A special Peshawar court in Pakistan on Tuesday, December 17, sentenced former president retired General Pervez Musharraf to death in a long-drawn high treason case against him. A three-member bench of the special court awarded death penalty to retired former military dictator General. Two out of the three judges were in favour of capital punishment.
A special court was constituted by then Pakistani prime minister Nawaz Sharif to try Musharraf for high treason after the later was charged with abrogating the Constitution twice.

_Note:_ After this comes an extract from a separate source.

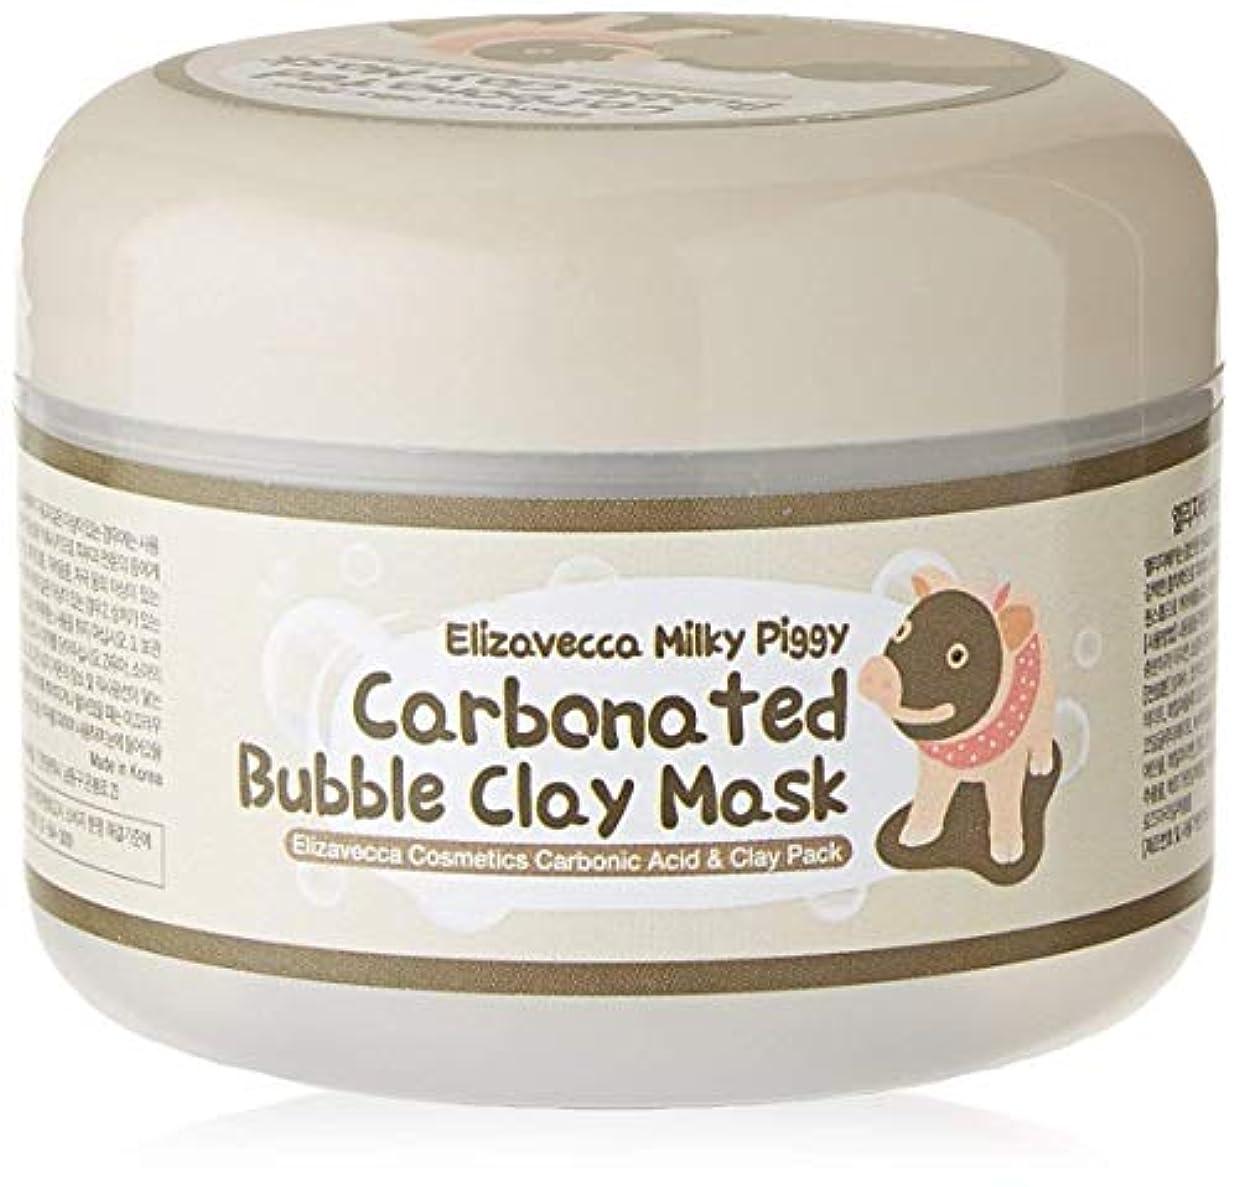 聴覚強打感謝祭Elizavecca Milky Piggy Carbonated Bubble Clay Mask 100g

The bench comprising Chief Justice of the Peshawar High Court Waqar Seth, Justice Nazar Akbar of the Sindh High Court and Justice Shahid Karim of the Lahore High Court said that they will issue a detailed judgment in the next two days.
The high treason case
The high treason trial of the retired General for clamping the state of emergency on November 3, 2007, had been pending since December 2013. The treason case was filed against the former president by the PML-N government in 2013. He was booked in the treason case in December 2013.
Musharraf was indicted on March 31, 2014, and the prosecution had tabled the entire evidence before the special court in September the same year.
Pervez Musharraf, who now lives in Dubai, ruled Pakistan from 1999 to 2008.
Last month, a video went viral in which Pervez Musharraf spoke about rather admitted to training Kashmiri militants to fight against the Indian Army, according to reports. Citing an unverified video clip, news agency ANI reported that Musharraf called terrorists like Osama bin Laden and Jalaluddin Haqqani "Pakistani heroes".